== Extracted data entries ==
:::::
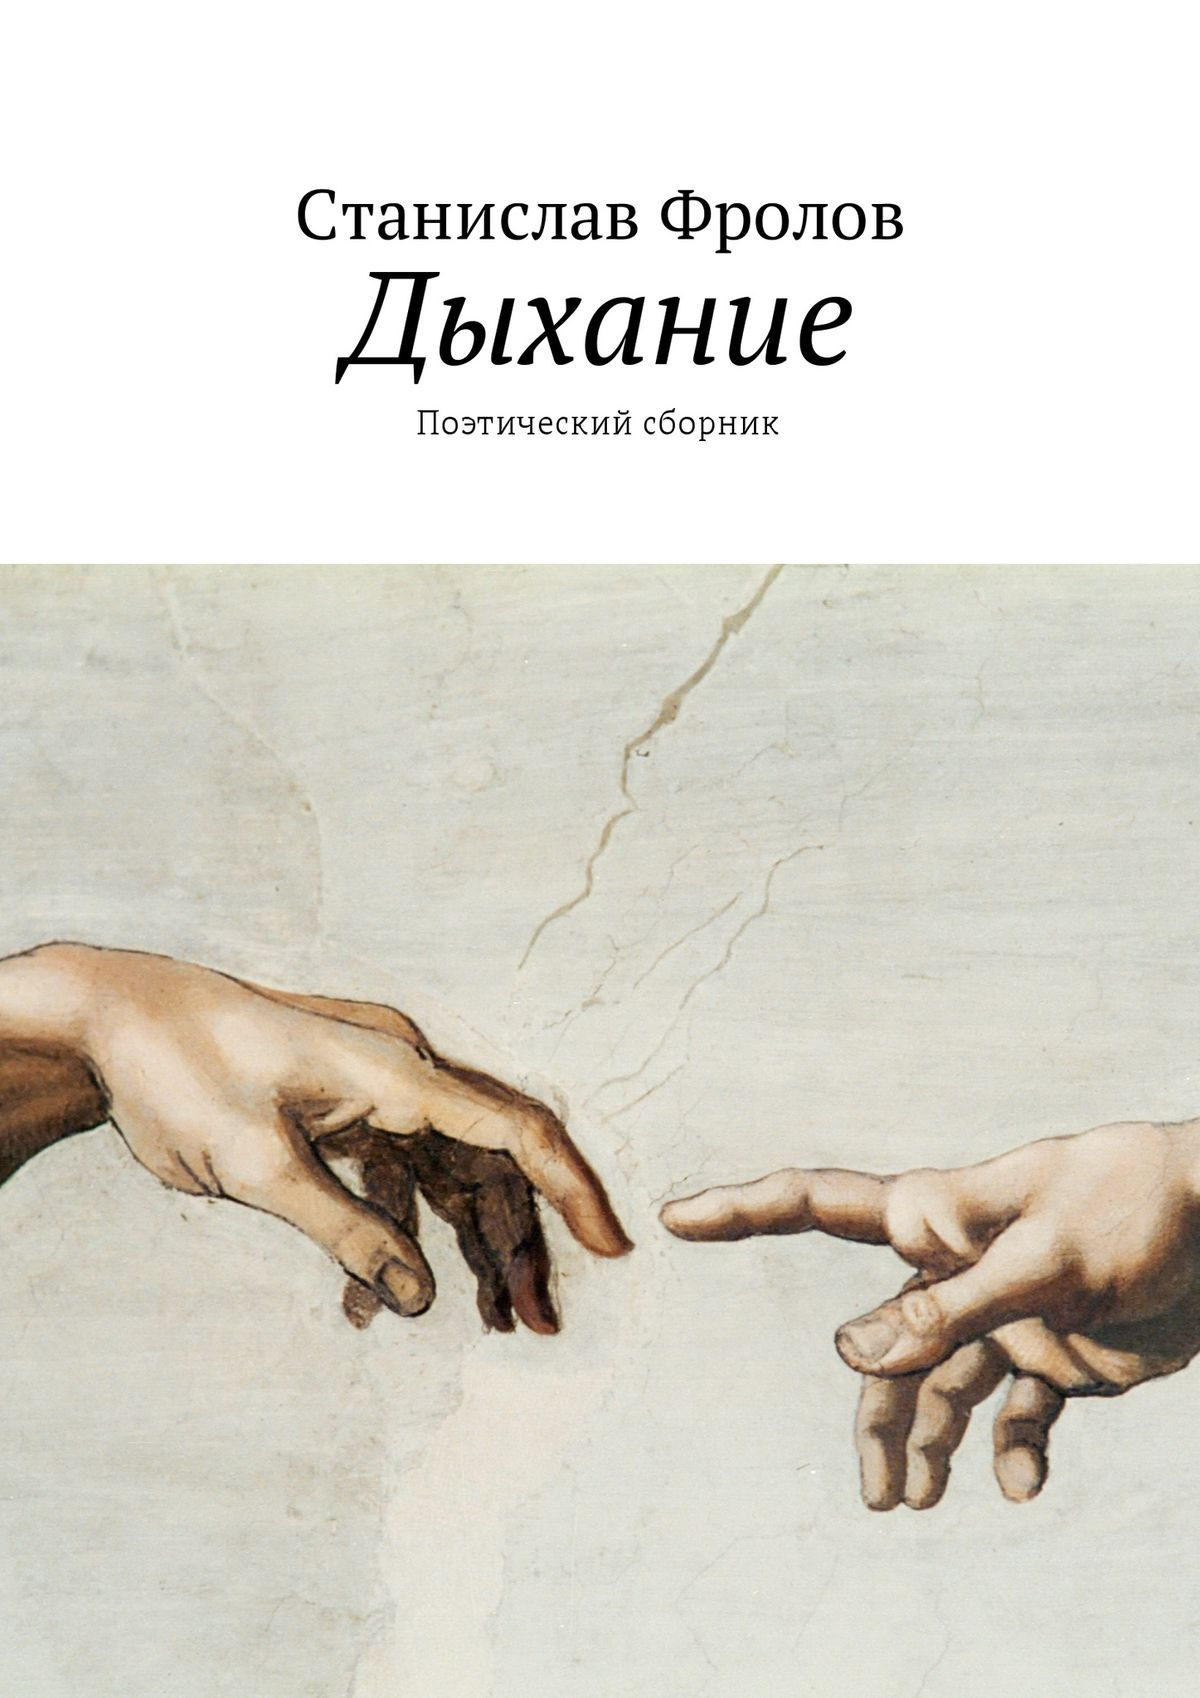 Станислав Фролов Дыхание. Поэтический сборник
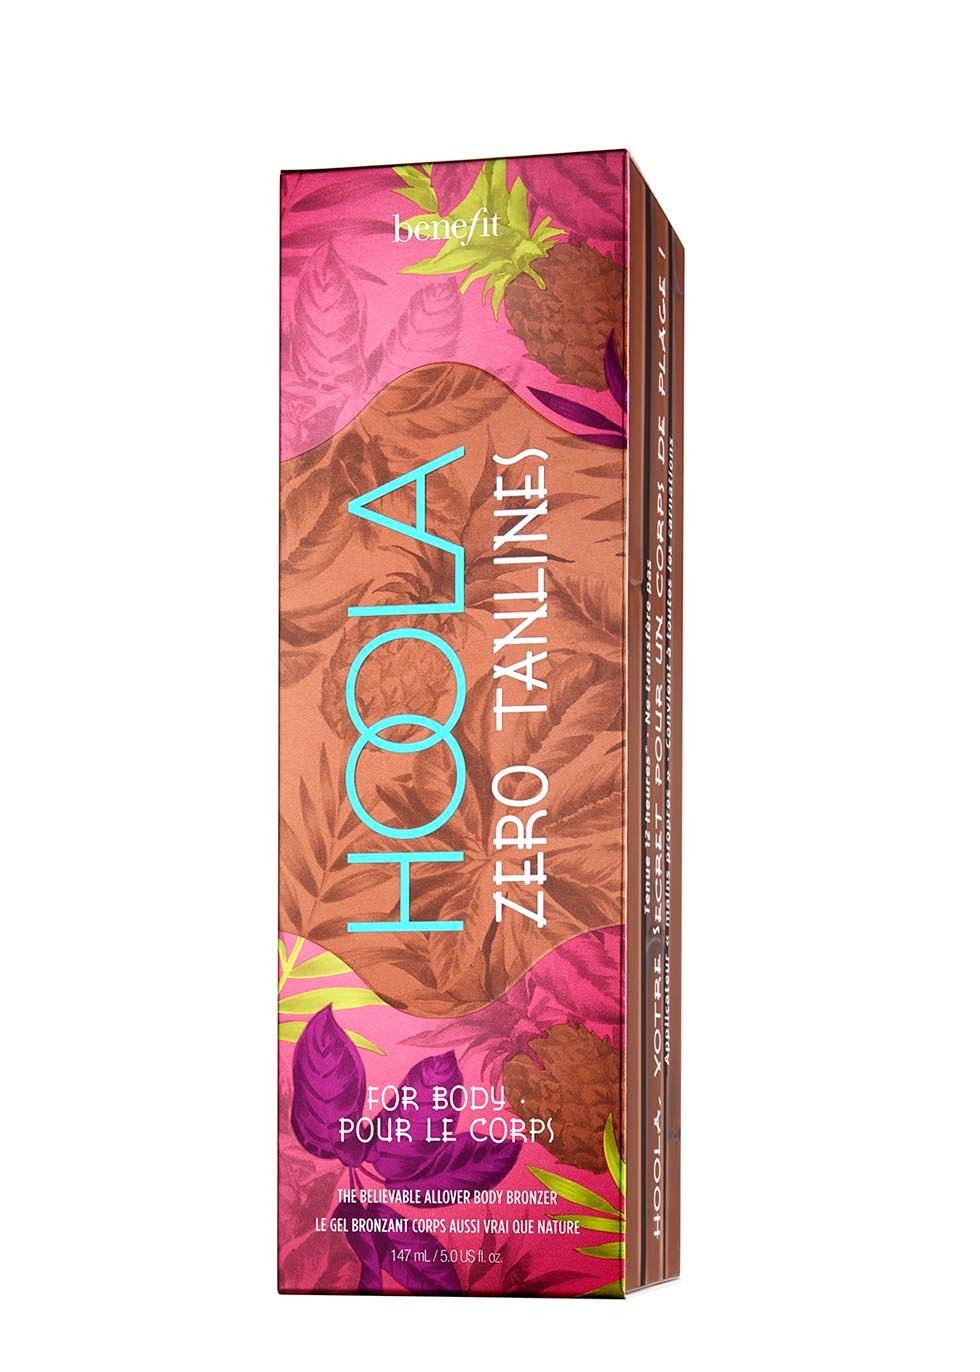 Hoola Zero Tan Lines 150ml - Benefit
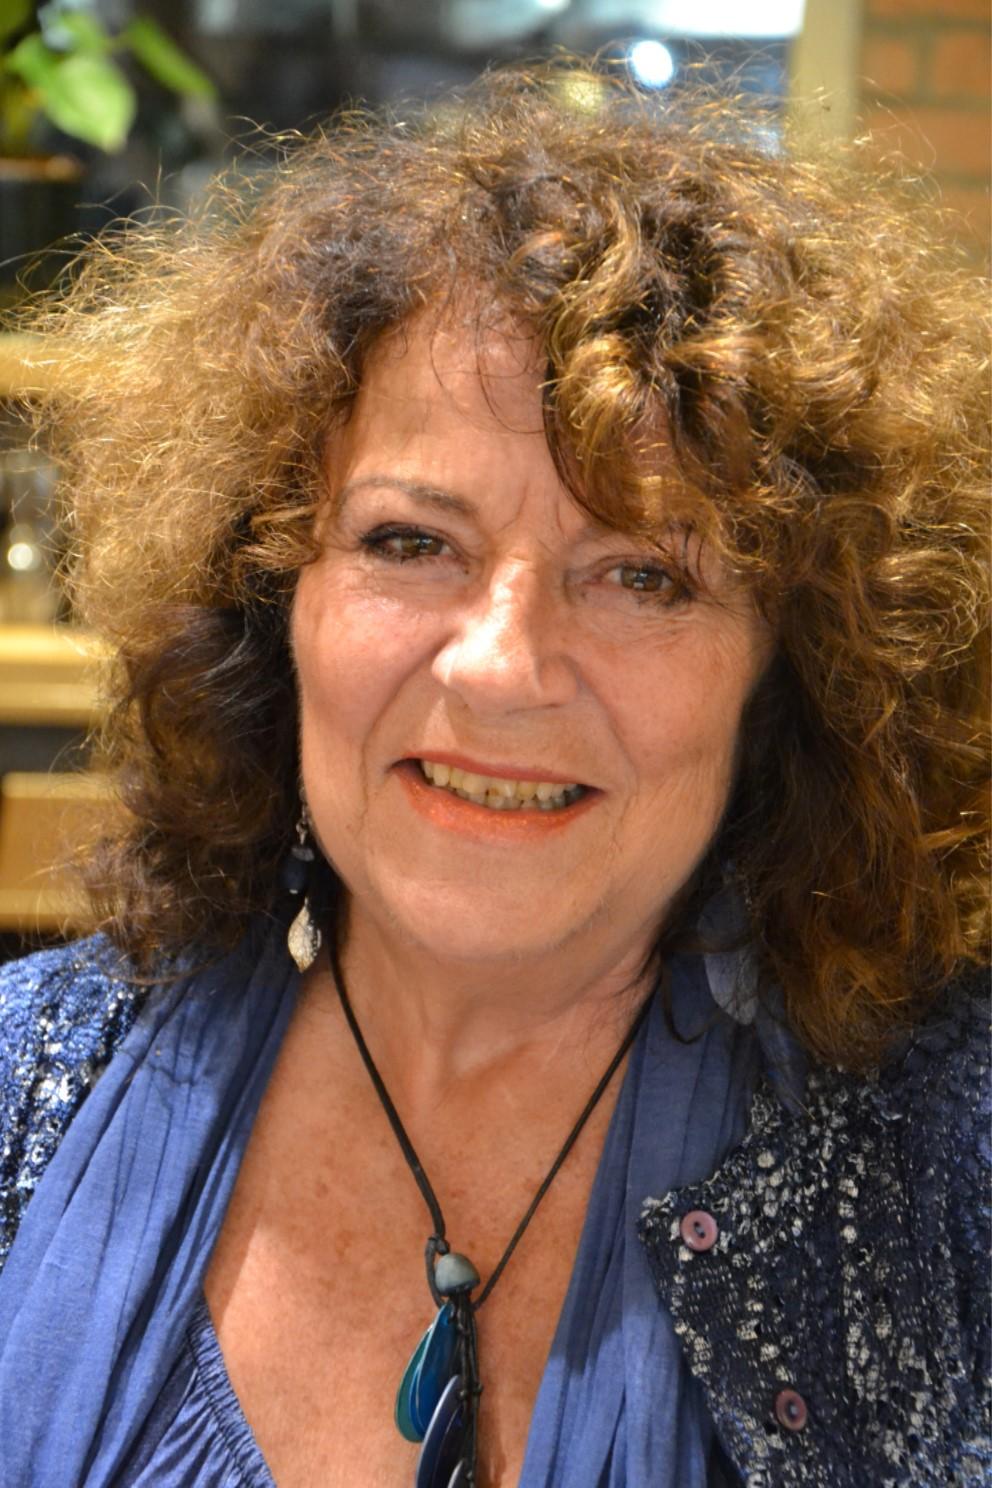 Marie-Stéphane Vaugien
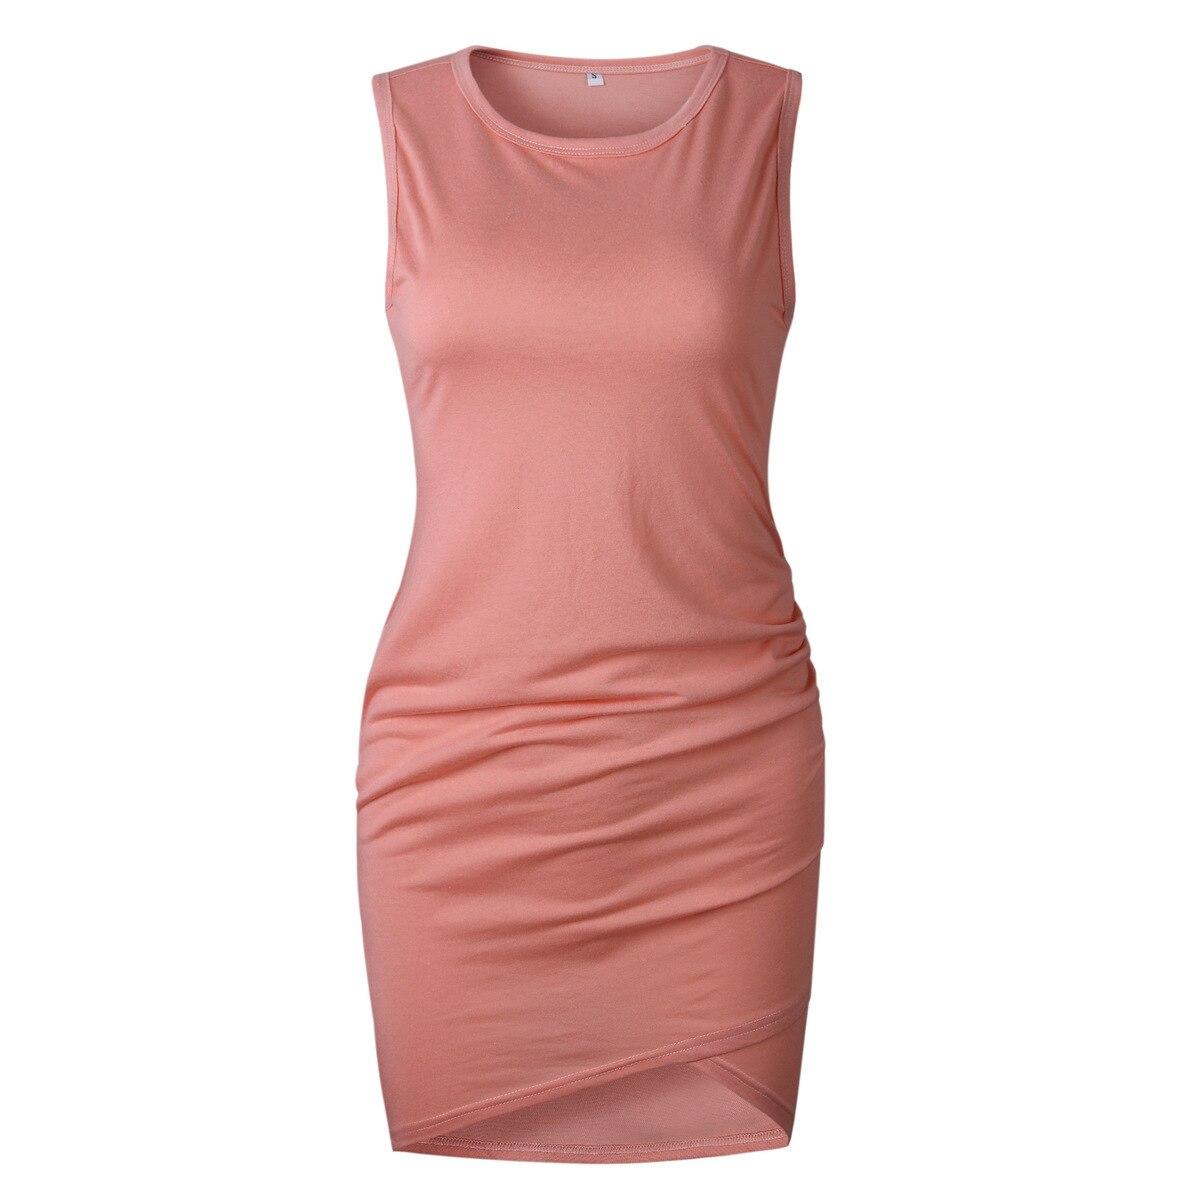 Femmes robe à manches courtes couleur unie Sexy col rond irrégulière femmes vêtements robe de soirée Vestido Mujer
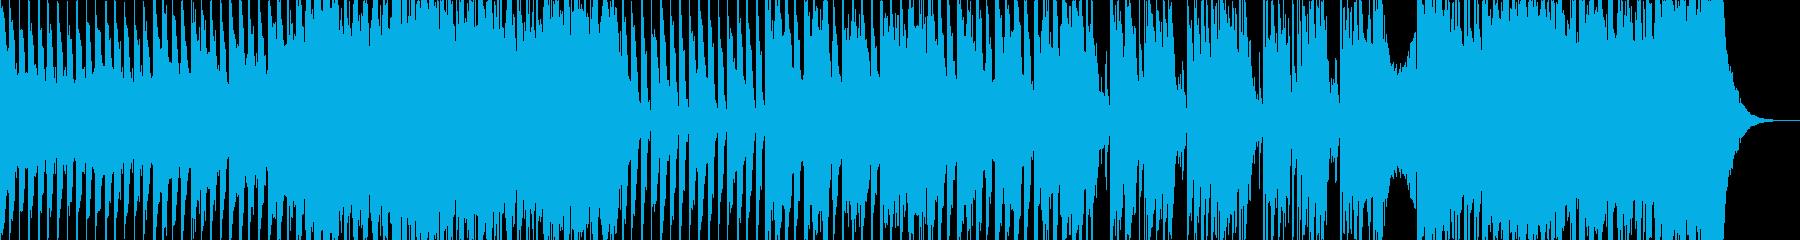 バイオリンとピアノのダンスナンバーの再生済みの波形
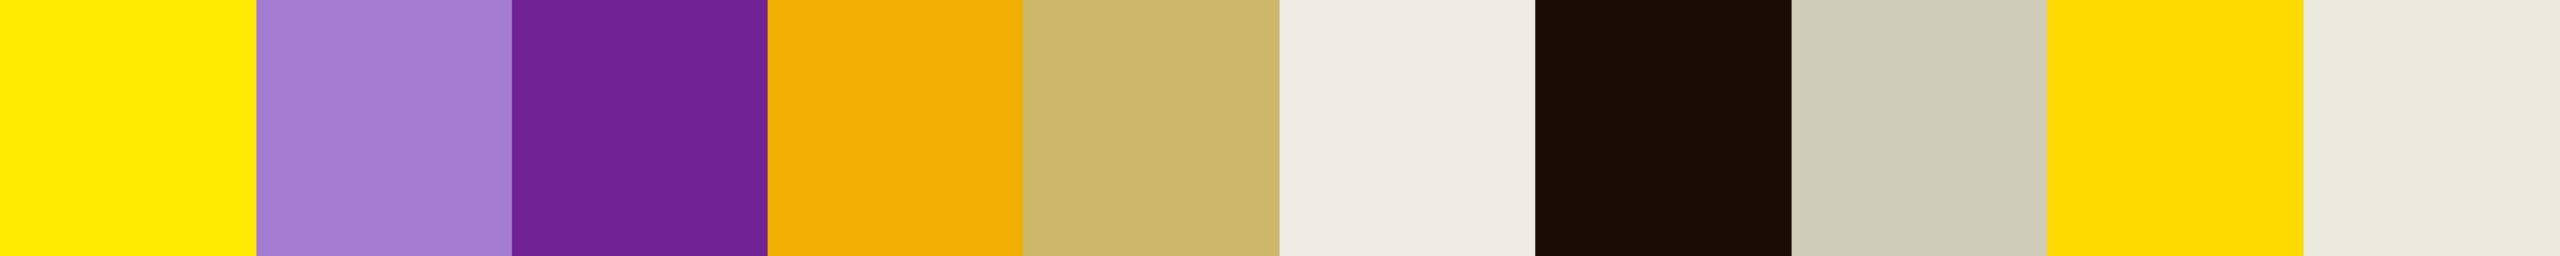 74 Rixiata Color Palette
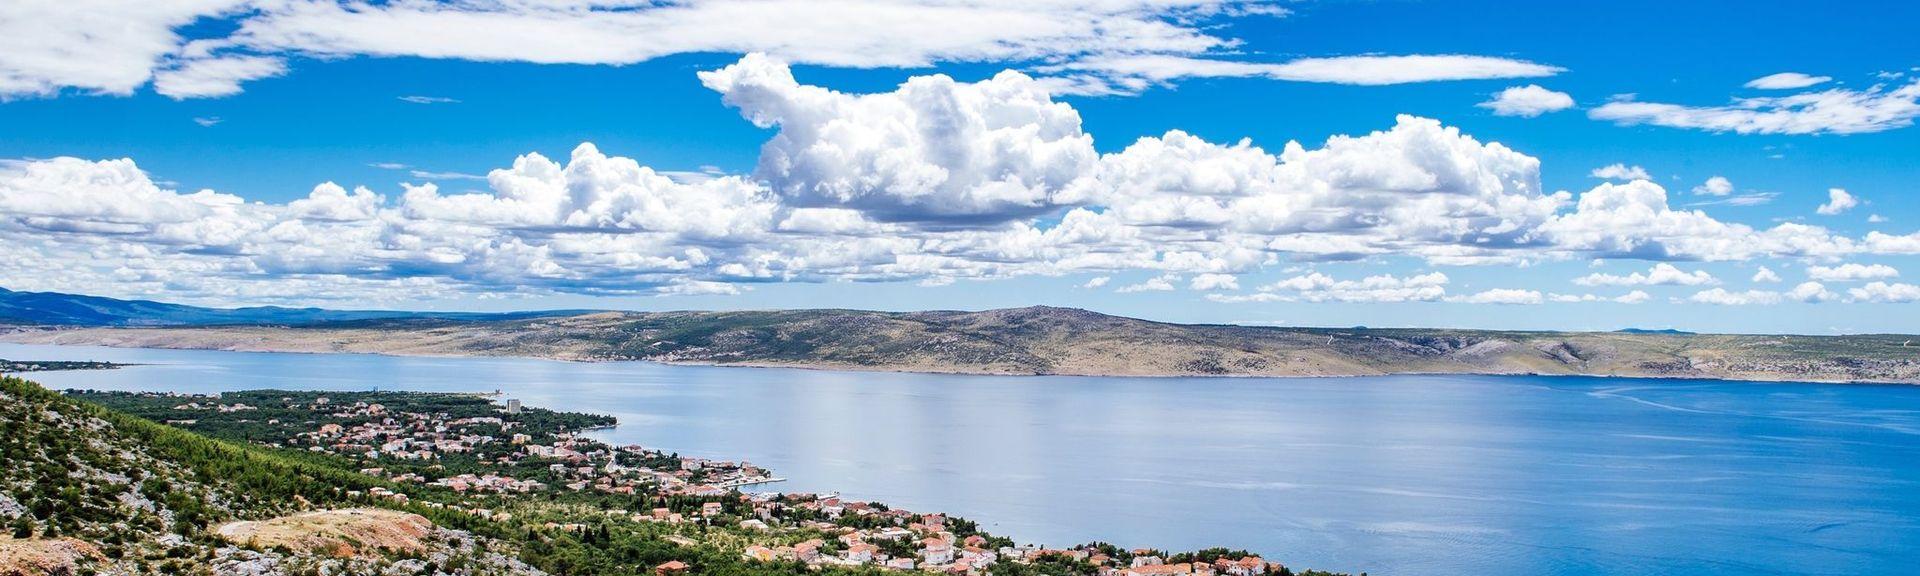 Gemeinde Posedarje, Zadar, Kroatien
:::::
== Exercise directions ==
Repeat the entries exactly. Any picture is to be left out.

== Task result ==
 Станислав Фролов Дыхание. Поэтический сборник
 Hoola Zero Tan Lines 150ml - Benefit
 Marie-Stéphane Vaugien
 Femmes robe à manches courtes couleur unie Sexy col rond irrégulière femmes vêtements robe de soirée Vestido Mujer
 バイオリンとピアノのダンスナンバーの再生済みの波形
 74 Rixiata Color Palette
 Gemeinde Posedarje, Zadar, Kroatien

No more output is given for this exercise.